__AIM OF THE TASK__. Using the data below, copy every line that contains the word "đồng".
(AVAILABLE RECORDS)
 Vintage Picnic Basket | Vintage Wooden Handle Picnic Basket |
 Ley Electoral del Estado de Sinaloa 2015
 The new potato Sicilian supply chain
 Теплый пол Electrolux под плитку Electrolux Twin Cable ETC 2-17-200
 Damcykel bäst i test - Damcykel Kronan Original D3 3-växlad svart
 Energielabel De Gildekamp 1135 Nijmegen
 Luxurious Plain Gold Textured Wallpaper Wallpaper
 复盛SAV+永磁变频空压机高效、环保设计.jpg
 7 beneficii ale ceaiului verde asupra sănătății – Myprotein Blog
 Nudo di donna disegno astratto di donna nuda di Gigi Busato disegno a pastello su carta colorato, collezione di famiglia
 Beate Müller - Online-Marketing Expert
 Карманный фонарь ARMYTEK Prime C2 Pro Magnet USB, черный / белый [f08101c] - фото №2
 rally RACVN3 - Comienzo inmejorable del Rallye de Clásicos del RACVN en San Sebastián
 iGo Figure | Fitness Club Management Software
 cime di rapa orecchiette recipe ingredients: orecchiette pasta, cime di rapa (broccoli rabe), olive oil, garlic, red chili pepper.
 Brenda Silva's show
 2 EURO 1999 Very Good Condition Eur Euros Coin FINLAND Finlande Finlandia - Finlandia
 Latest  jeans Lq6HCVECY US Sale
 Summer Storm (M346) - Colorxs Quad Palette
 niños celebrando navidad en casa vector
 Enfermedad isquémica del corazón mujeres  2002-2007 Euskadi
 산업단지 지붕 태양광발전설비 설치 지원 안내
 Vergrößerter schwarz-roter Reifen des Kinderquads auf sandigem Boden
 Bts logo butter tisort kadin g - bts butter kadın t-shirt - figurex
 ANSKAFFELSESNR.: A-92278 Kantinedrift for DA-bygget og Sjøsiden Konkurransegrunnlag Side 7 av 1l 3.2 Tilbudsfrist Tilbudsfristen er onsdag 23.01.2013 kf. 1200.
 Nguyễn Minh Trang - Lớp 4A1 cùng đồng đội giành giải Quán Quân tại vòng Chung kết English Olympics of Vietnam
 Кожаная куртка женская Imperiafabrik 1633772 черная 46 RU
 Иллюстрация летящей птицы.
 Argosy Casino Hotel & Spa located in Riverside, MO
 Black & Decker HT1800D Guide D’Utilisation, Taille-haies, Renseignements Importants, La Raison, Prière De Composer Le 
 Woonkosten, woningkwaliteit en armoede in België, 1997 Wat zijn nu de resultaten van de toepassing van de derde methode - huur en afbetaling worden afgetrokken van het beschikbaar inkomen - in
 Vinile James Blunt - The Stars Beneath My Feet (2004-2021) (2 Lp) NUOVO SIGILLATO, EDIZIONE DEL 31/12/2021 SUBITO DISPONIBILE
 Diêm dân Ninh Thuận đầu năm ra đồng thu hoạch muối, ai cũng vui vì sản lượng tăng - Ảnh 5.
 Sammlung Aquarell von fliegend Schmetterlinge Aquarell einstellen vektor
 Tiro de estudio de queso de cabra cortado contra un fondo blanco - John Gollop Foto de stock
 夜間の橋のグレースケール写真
(End AVAILABLE RECORDS)
__YOUR RESPONSE__.
 Nguyễn Minh Trang - Lớp 4A1 cùng đồng đội giành giải Quán Quân tại vòng Chung kết English Olympics of Vietnam
 Diêm dân Ninh Thuận đầu năm ra đồng thu hoạch muối, ai cũng vui vì sản lượng tăng - Ảnh 5.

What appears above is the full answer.